Exercise goal - Please, without any pictures, transcribe the lines from the one holding "Cavalier King Charles" to the end of the listing, both ends included.

Given information -
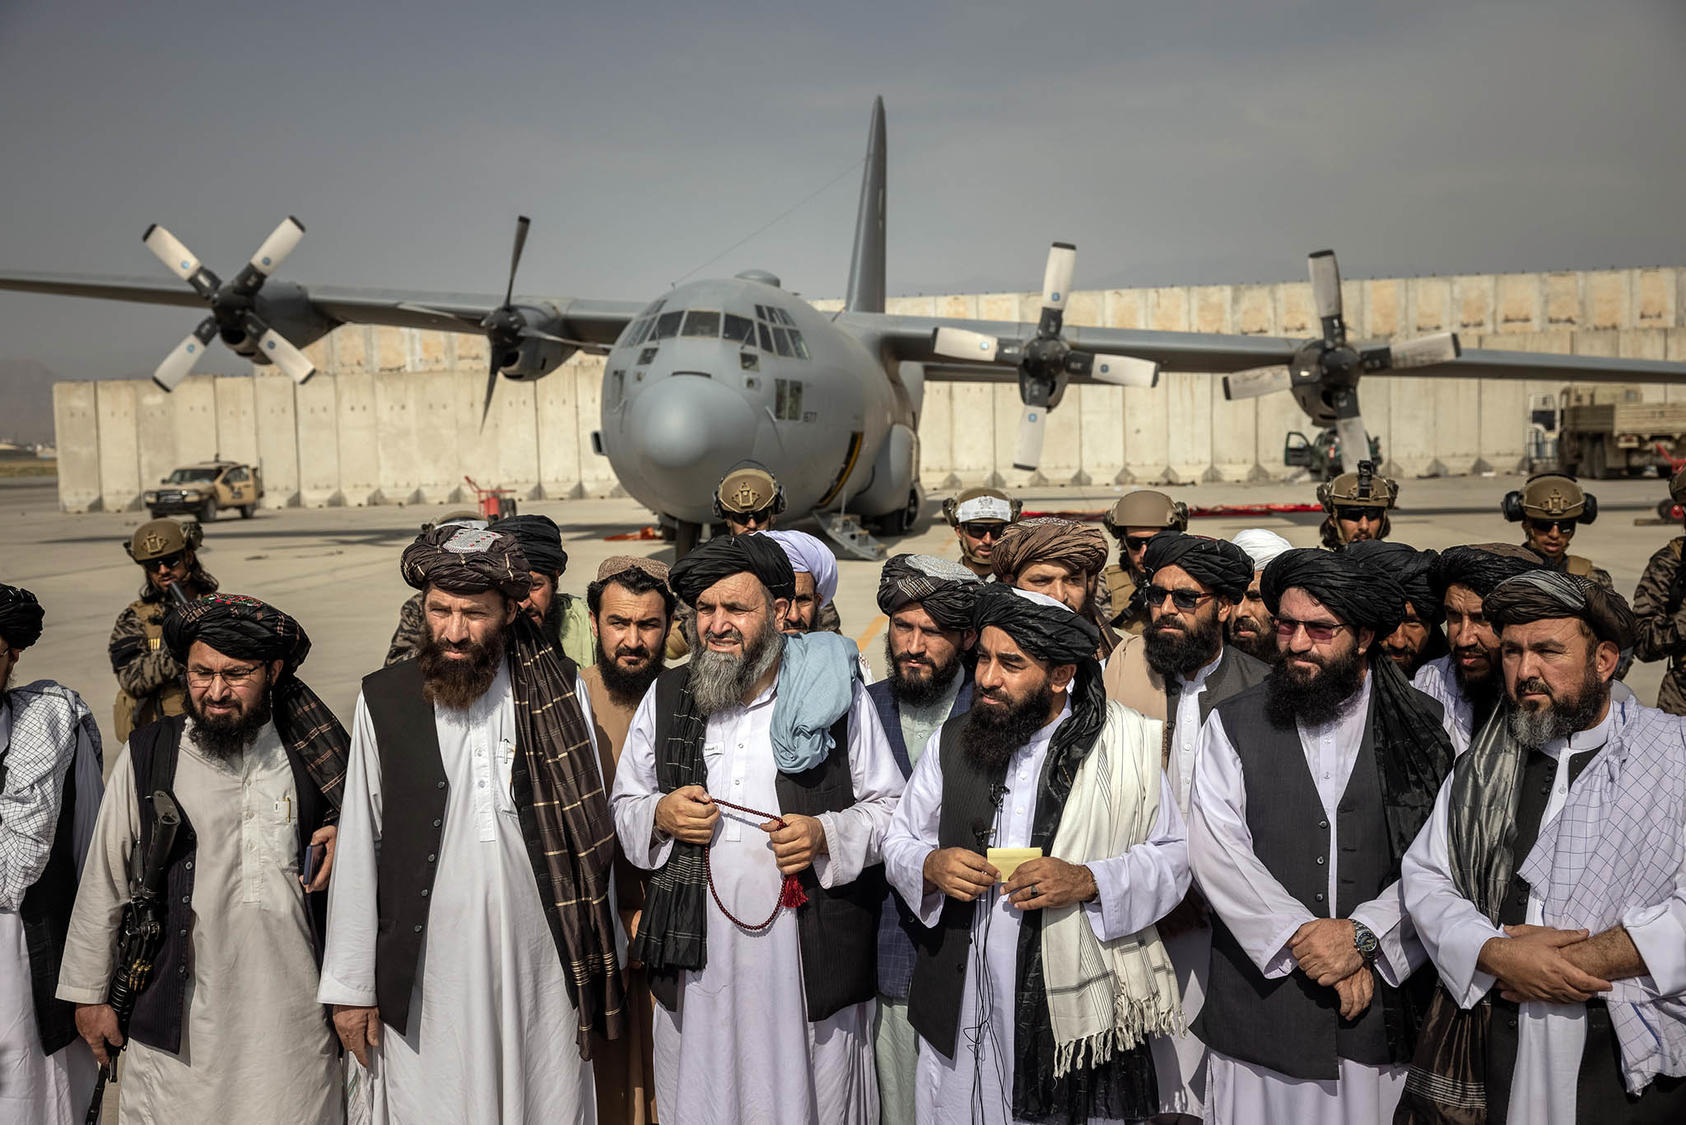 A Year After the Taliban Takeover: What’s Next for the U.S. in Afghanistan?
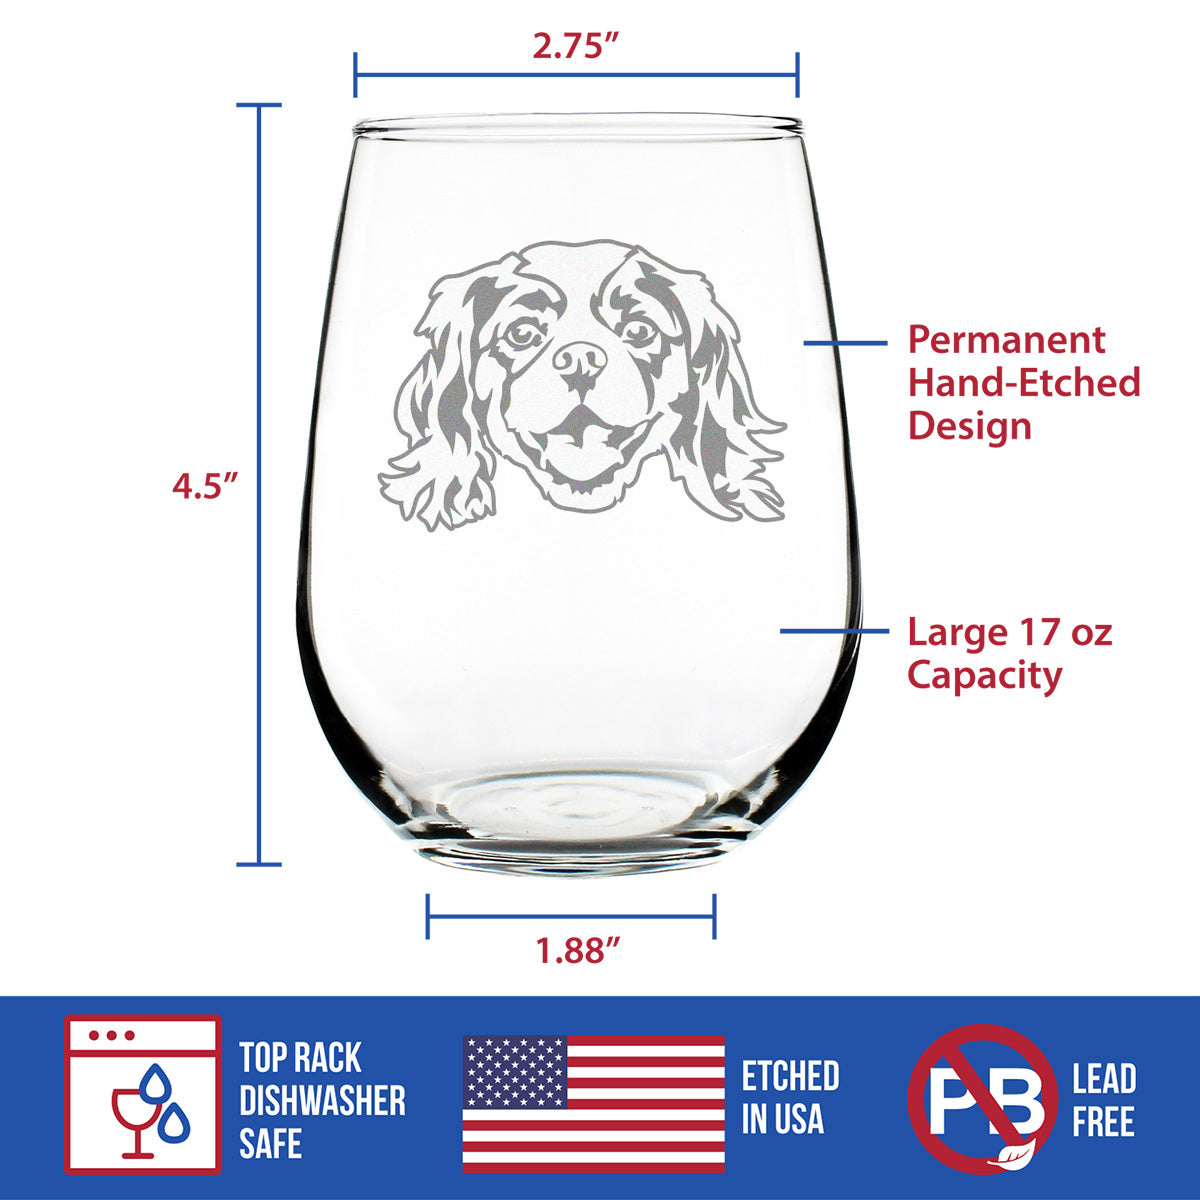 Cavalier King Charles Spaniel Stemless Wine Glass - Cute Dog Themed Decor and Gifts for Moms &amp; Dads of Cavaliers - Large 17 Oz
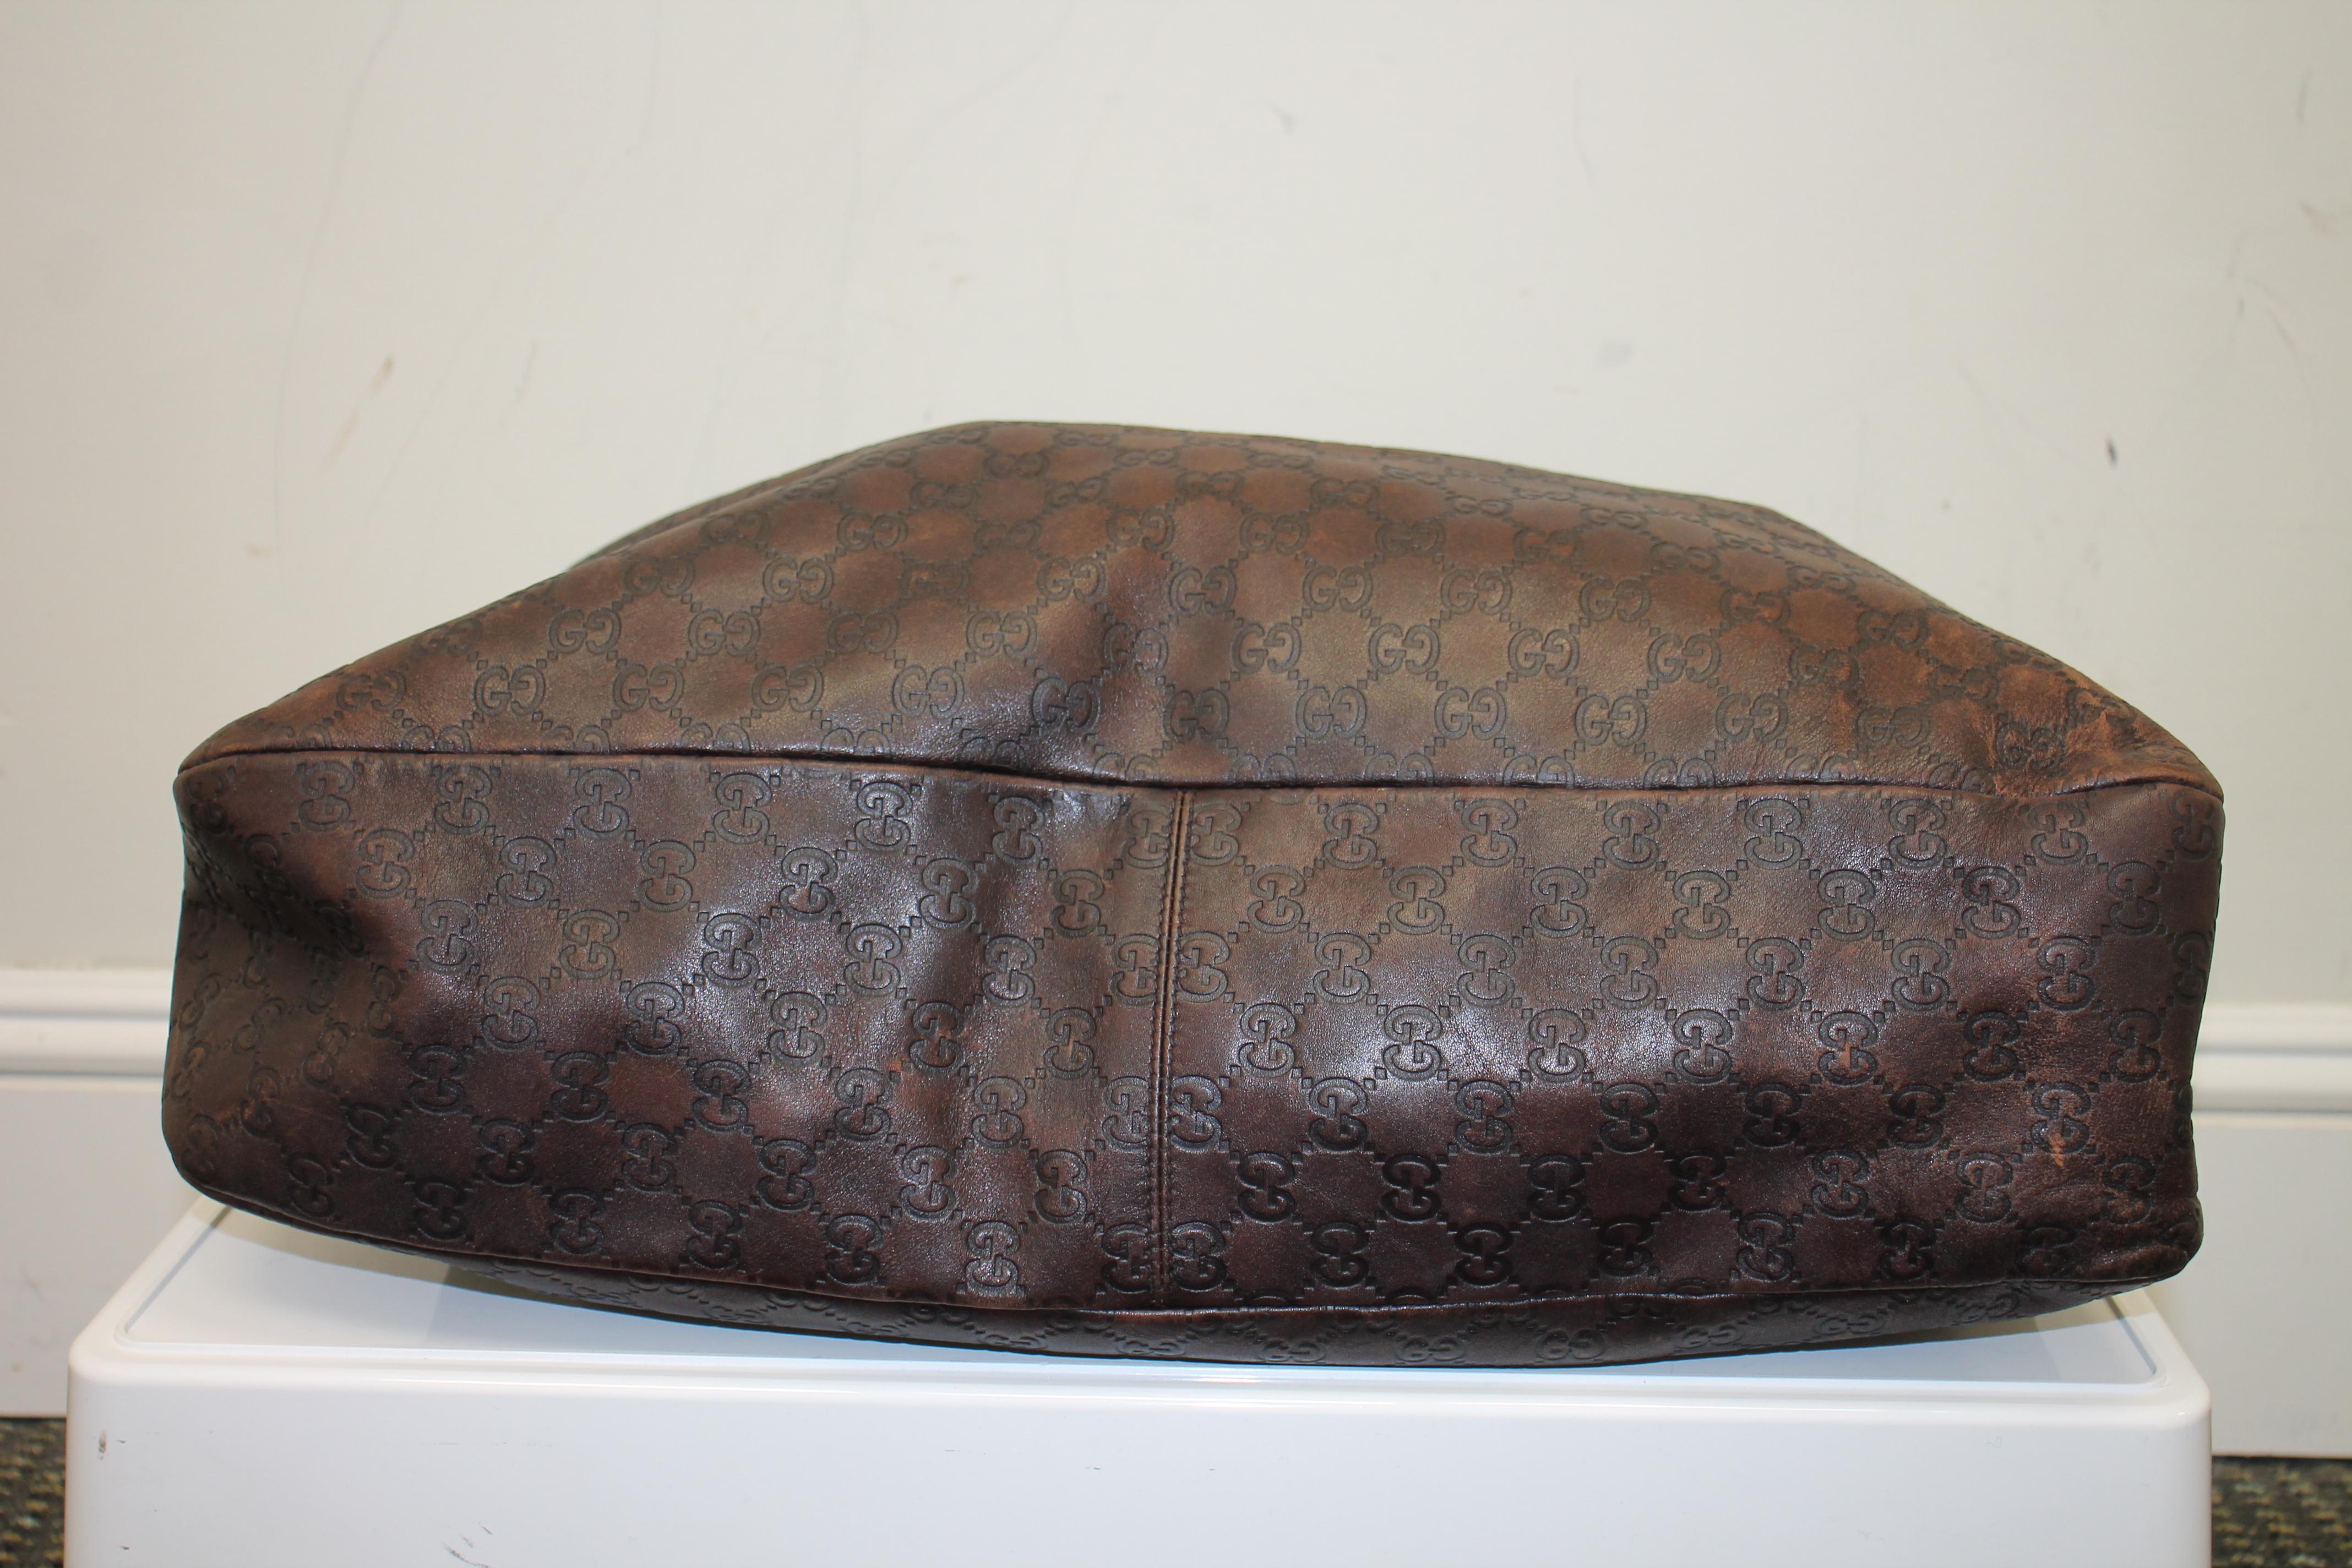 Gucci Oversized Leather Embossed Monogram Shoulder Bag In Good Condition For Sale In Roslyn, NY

Expected answer -
 Cavalier King Charles Spaniel Stemless Wine Glass - Cute Dog Themed Decor and Gifts for Moms &amp; Dads of Cavaliers - Large 17 Oz
 Gucci Oversized Leather Embossed Monogram Shoulder Bag In Good Condition For Sale In Roslyn, NY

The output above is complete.